North told Advisen in an email that virtually all industries have seen a hardening market for cyber insurance, one that will likely deepen especially for the energy and critical infrastructure sectors.

“Lately, that trend has accelerated in certain sectors that are notorious for supply chain risk and usage legacy industrial control systems – such as manufacturing, energy, and critical infrastructure,” she said. “Though the increased frequency of attacks has been making headlines, many of these industries have produced slower take-up rates than other, more digital and data-driven industries such as healthcare and financial services.”

According to Marc Voses, partner with Clyde & Co., absent regulation of ransom payments, the practice will expand in frequency and severity.

“There is an increasing pattern and practice of threat actors going after infrastructure like the Tampa water authority hack a few months back, and now the pipeline,” he said in an email to Advisen. “We need a more robust and centralized cyber defense branch of the military to defend and respond to these attacks before it results in widespread loss of life or property.”

The event has thrust the cyber insurance market and its role in ransomware into the headlines, according to commentary from AM Best. Standalone cyber premiums rose more than 28% in 2020, and Best suggested the Colonial Pipeline event could spur insurers to re-evaluate their approach to ransomware.

For most insurers in the space, that process has been underway for several months, resulting in the harder market featuring price corrections and coverage restrictions.

The attention to ransomware stemming from the pipeline event will have some beneficial effects for insurance and cybersecurity, according to Brad Gow, global cyber product leader for Sompo International.

“The impacts on the cyber insurance market are going to be profound, and for the most part, pretty positive,” he said. Already a headline risk, the attack on the fuel supplier should boost the public’s awareness of ransomware and the major threat it represents.

“It gets really tangible when you get to the gas station and the pumps aren’t running because of a ransomware attack,” Gow told Advisen. From a public policy standpoint, Colonial Pipeline has “focused a lot of minds” with ransomware already a key focus of the Biden Administration, he added.

It also underscores the message of mitigation the industry has championed for years. Insurers have reached a point in the evolution of cyber where strict technical controls are broadly being required to get coverage. It’s a significant shift, Gow said, and one that is having a positive impact on losses.

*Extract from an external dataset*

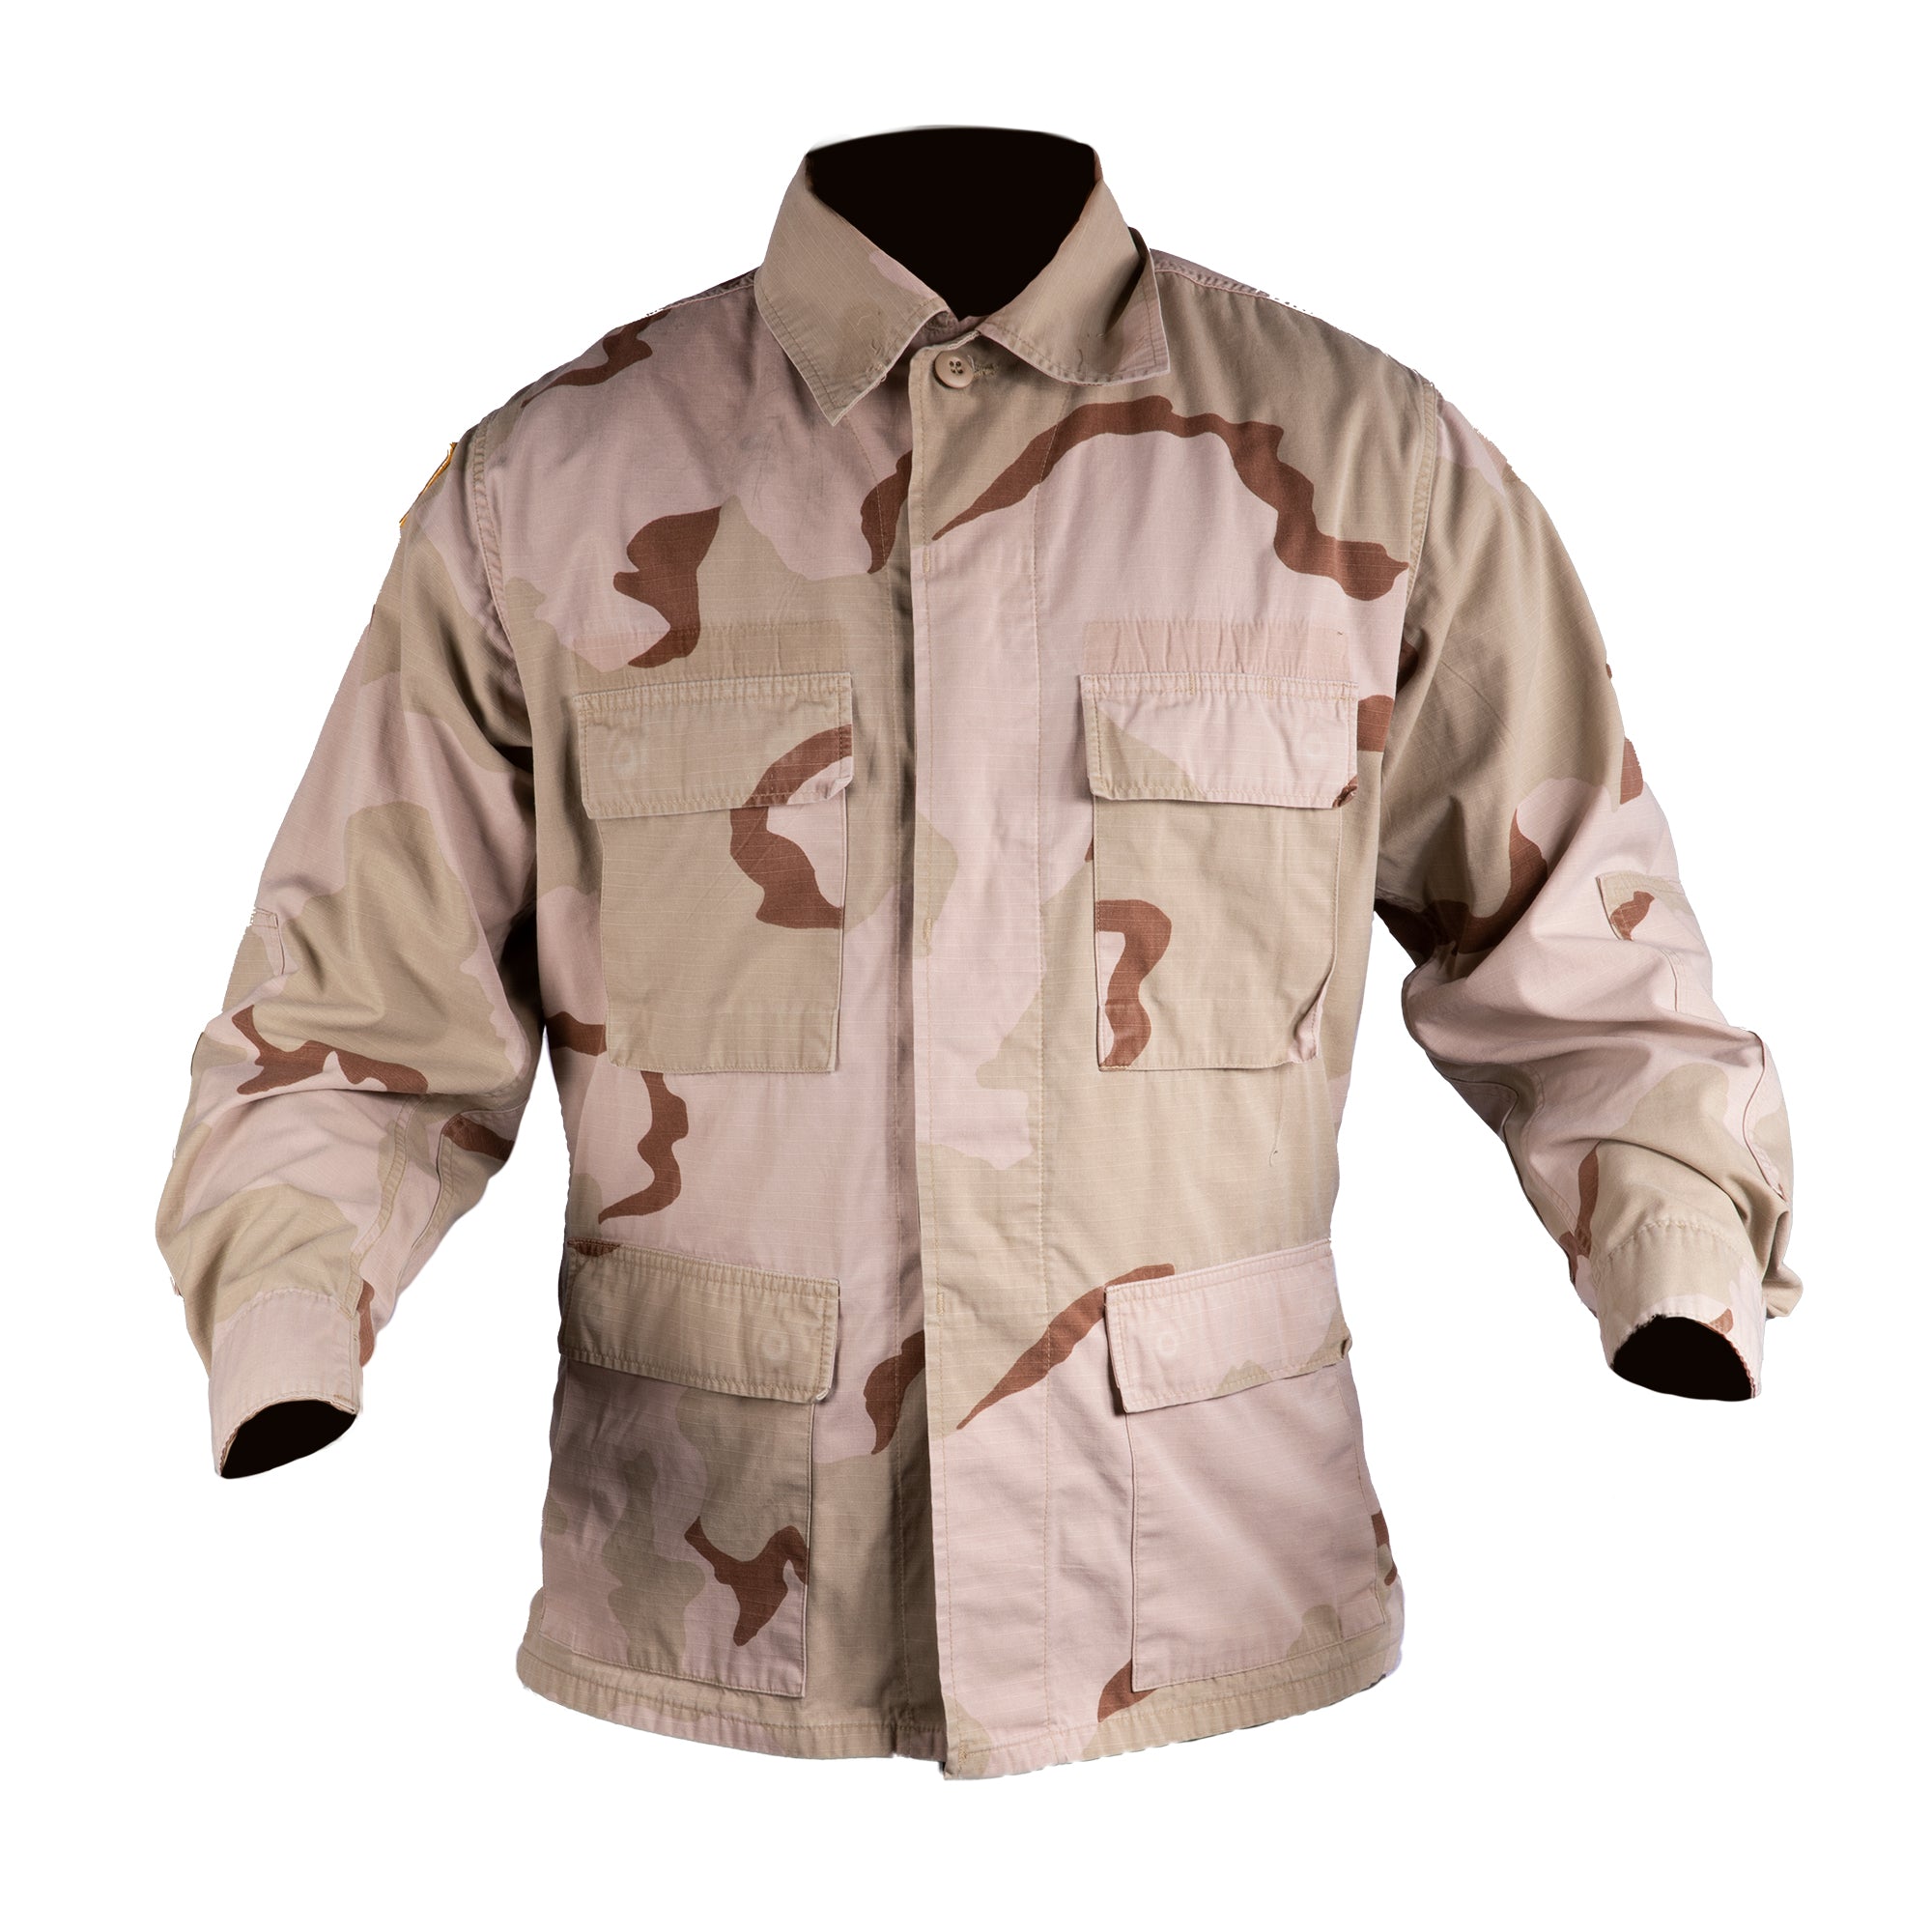 Military DCU Tri-Color Desert Camo Blouse Combat Uniform Shirt Jacket

“After 20 years of being in the backseat and not having any say over how companies manage their network security and witnessing the gulf between information security and operational security, I’m seeing a definite change in 2021, with the industry saying, ‘This is what you need to have this is what you need to have in place to get cyber insurance at a reasonable rate, or to get full limits you want.’ That message is getting out,” he said.

Organizations also more readily take the initiative to protect themselves. Companies are seeking out tabletop exercises, boosting their security, and buying as much cyber insurance as they can afford.

“Some of these recent events are so high-profile, so public, and so impactful, executives are saying, “holy cats, what do we have to do to make sure that doesn’t happen to us?” said Gow.